**What this task involves**
Could you output each line below precisely as it stands, without the images?

**Data segment**
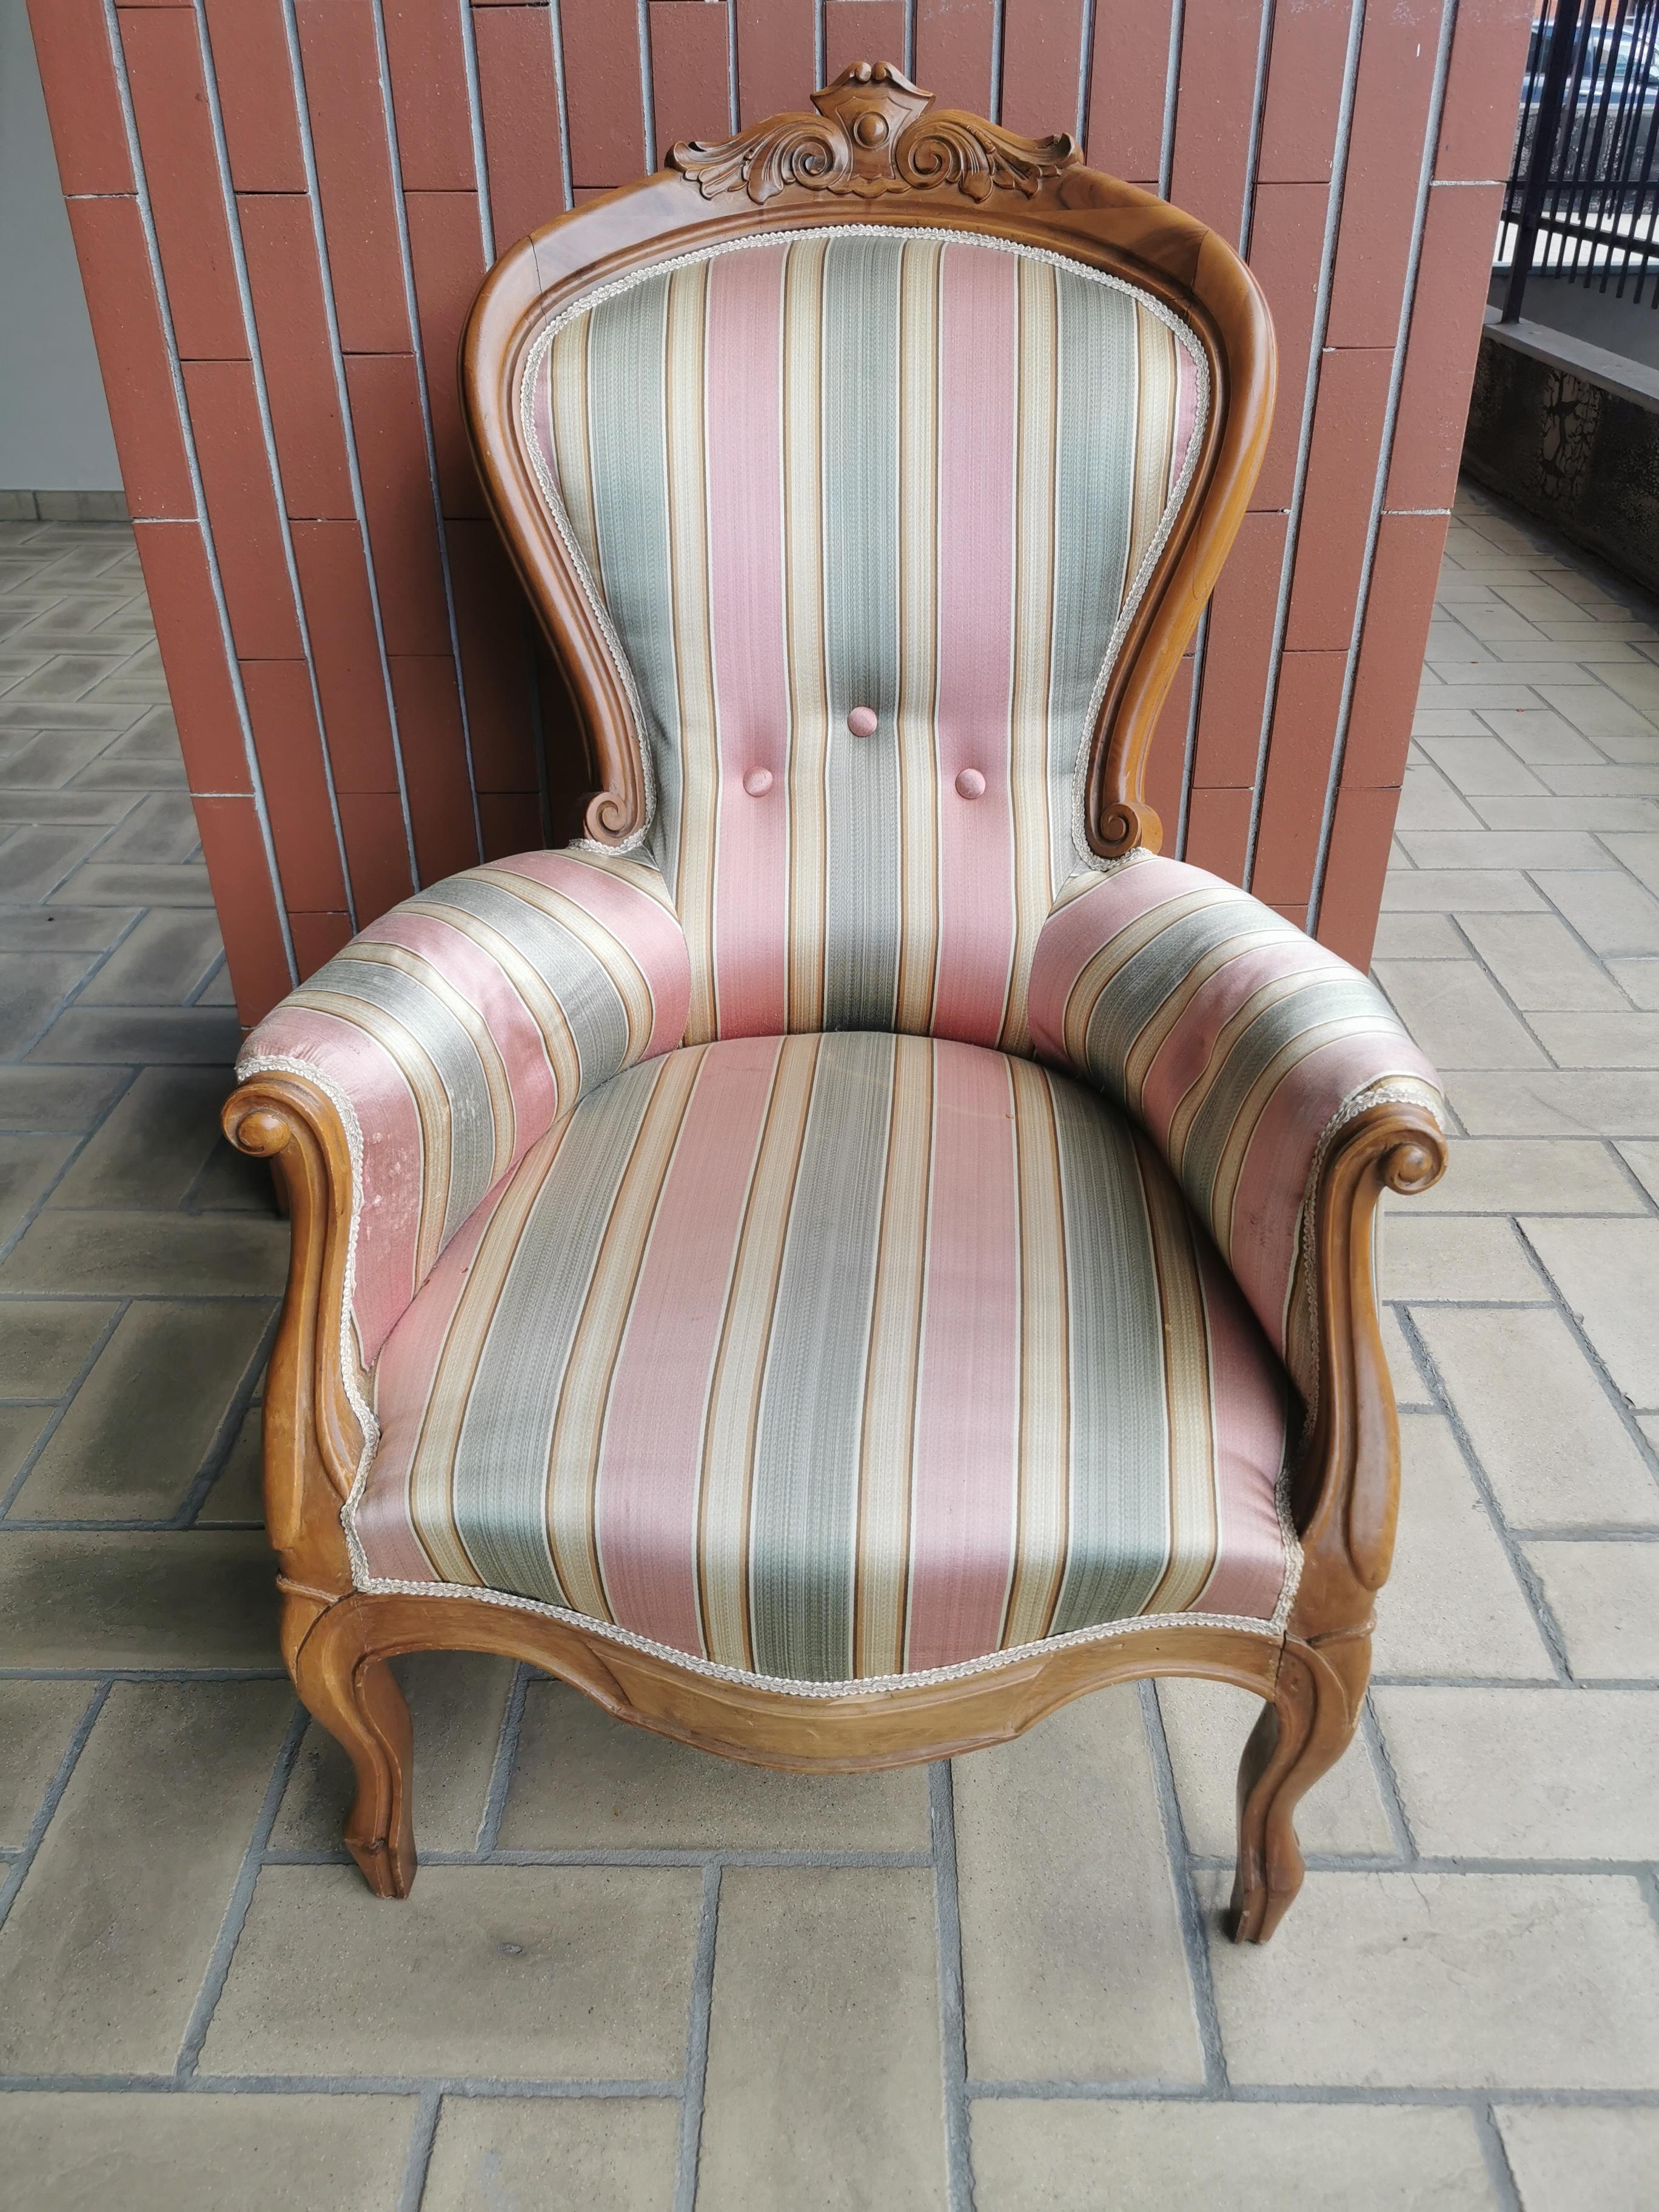 Armchair, lounge chair, walnut, , 19th century Louis Philippe armchair
Very elegant Louis Philippe period armchair from 19th century, circa 1840-1850 France
Covered with silk and structure is walnut
Silk part has some signs of agings on color but

**Task output**
 Armchair, lounge chair, walnut, , 19th century Louis Philippe armchair
Very elegant Louis Philippe period armchair from 19th century, circa 1840-1850 France
Covered with silk and structure is walnut
Silk part has some signs of agings on color but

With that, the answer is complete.